Six members — Charlie Richardson, Dave Gruber, Johnny Watson, Francoise Bergan, Marsha Berzins and Bob Roth — sported the t-shirts under suit jackets and blazers at Monday’s city council meeting.
After the meeting, Gruber and Watson said the shirts were worn simply to support the city’s police officers, not because of any measure that was on the agenda or in light of recent events that have landed protestors in the chamber asking for more police accountability.
“There’s a morale problem,” Watson said of the shirts.
But others saw the shirts as a symbol of division.
Arapahoe County Democratic Chairwoman Kristen Mallory said during public comment the shirts were “shameful” and a clear message that those council members don’t support the Black Lives Matter movement.
“Thin blue line” symbolism, which is defined by Oxford Dictionaries as being “a reference to police…in the context of maintaining order during unrest,” is also sometimes associated with a Blue Lives Matter movement. Mallory said the shirts equate a career choice to race and the consequences that follow.

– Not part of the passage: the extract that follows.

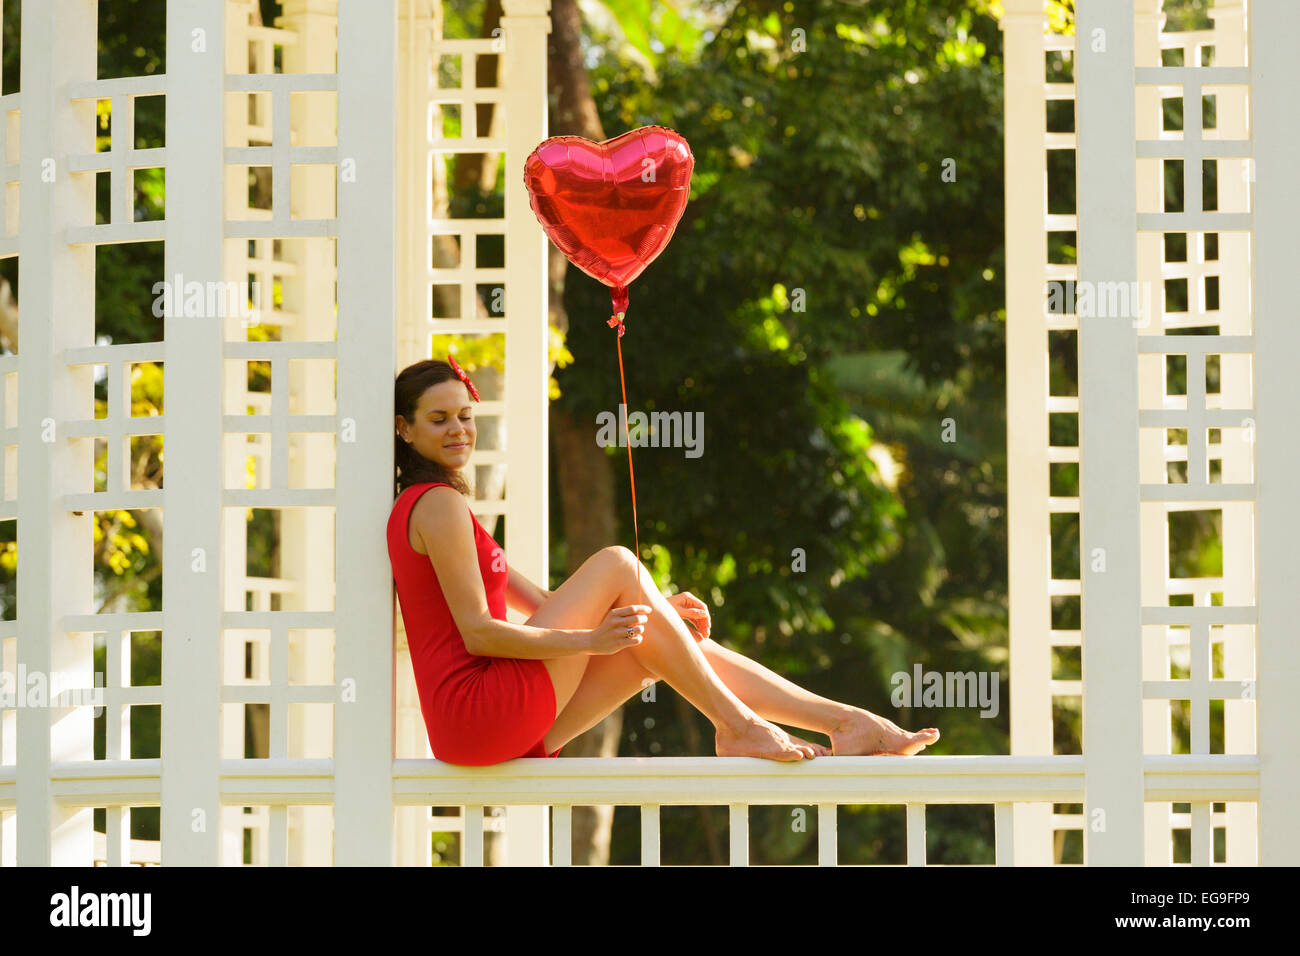 Frau mit roter Herzballon Form auf Parkbank sitzen Stockbild

Earlier this month, an Aurora City Council was temporarily shut down by protesters who demanded justice for Elijah McClain, who died after an interaction with police this summer. A coroner’s report deemed McClain’s cause of death inconclusive.
Many expected similar protests this week, which never materialized.

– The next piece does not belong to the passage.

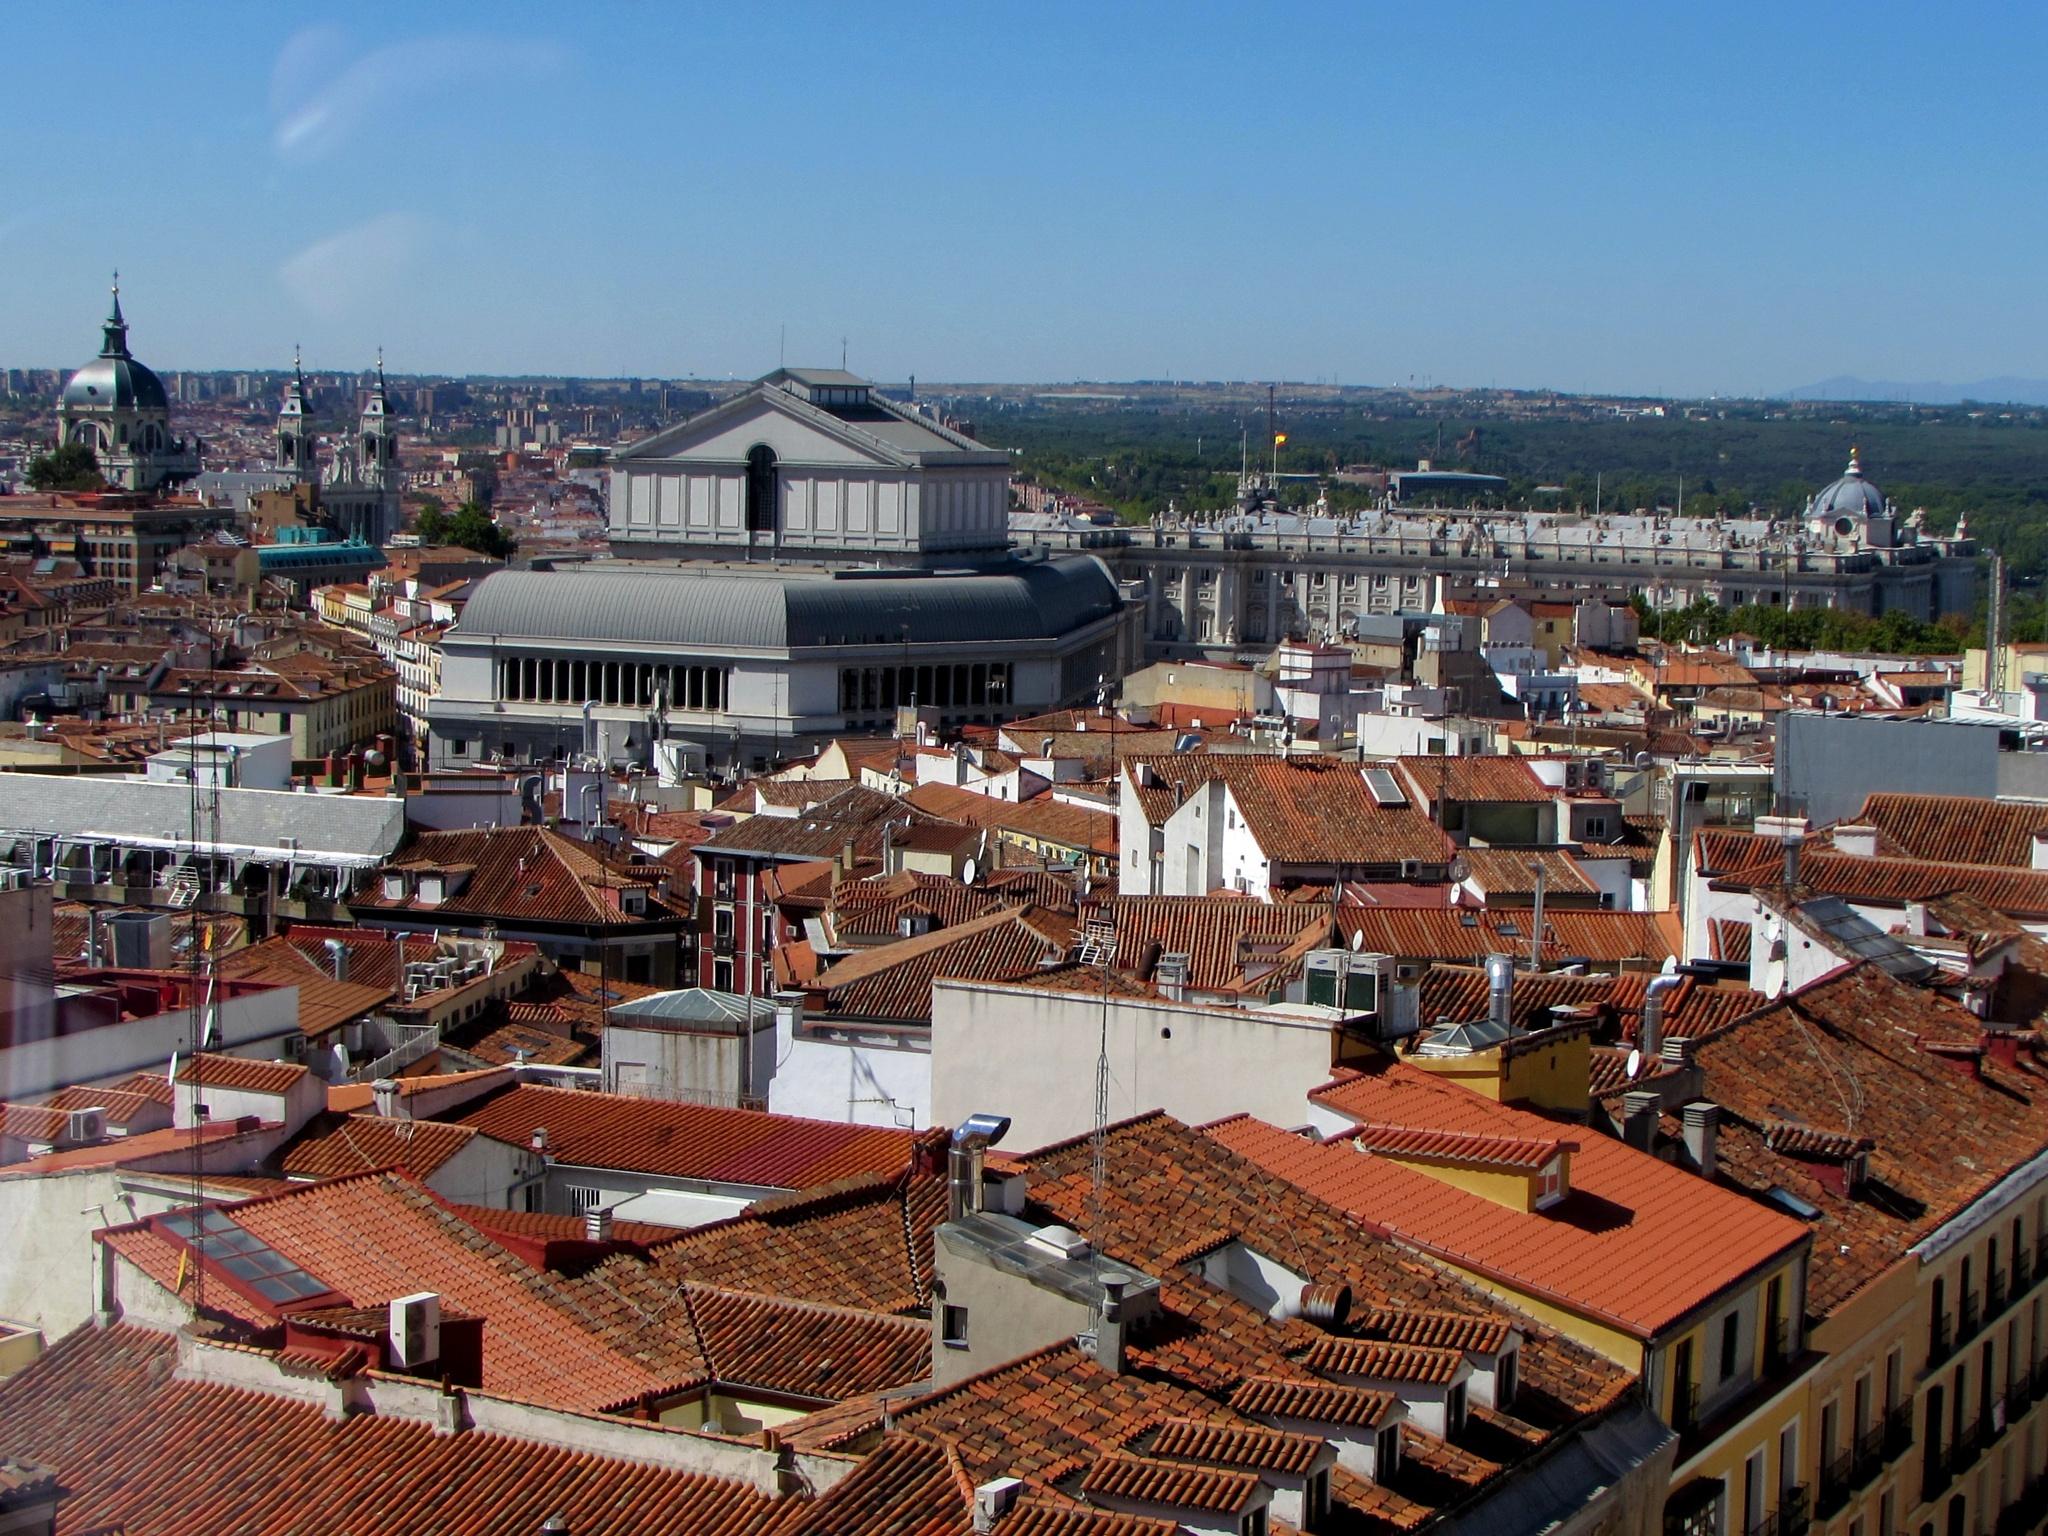 Madrid roofs by Isabel Gonzalez Martil

Richardson replied to Mallory’s public comment that Aurora would have the most “anti-police” city council when new members are sworn in next month. Richardson lost a bid for re-election to Juan Marcano in Ward IV.
Councilwoman Allison Hiltz said not all council members were invited to wear the shirts. She called the shirts a use of rhetoric that left-leaning members of the council are anti-police.
“I don’t have on a t-shirt, but I think it’s important that when we’re talking about support for people in this city we do it through policy, and I don’t believe that the insinuation of us on the left are moving further left is indicative of being anti-police,” she said at the end of the meeting. “I don’t think wanting to engage the community and having additional conversations about how we can do better is being anti-police…So I just want to make it very clear that I think for all of us that weren’t offered a t-shirt or told about a t-shirt or provided a t-shirt that does not mean we don’t support our police department. But we have some serious issues that we need to address…”
During the meeting, council members unanimously agreed to a one-time contribution increase to police pensions. Pay and benefits have been at the center of conversations of why police officers and firefighters are increasingly leaving Aurora for neighboring Denver. City staff said five police officers have left Aurora this year.
Richardson attempted to permanently increase the contributions. City council only agreed to a one-time bump from 10.5 percent to 12 percent. Many who voted against Richardson’s proposed amendment cited budgetary concerns.
Each year the city budget must be balanced, but projections so far don’t show a balanced budget beyond 2020, according to city staff.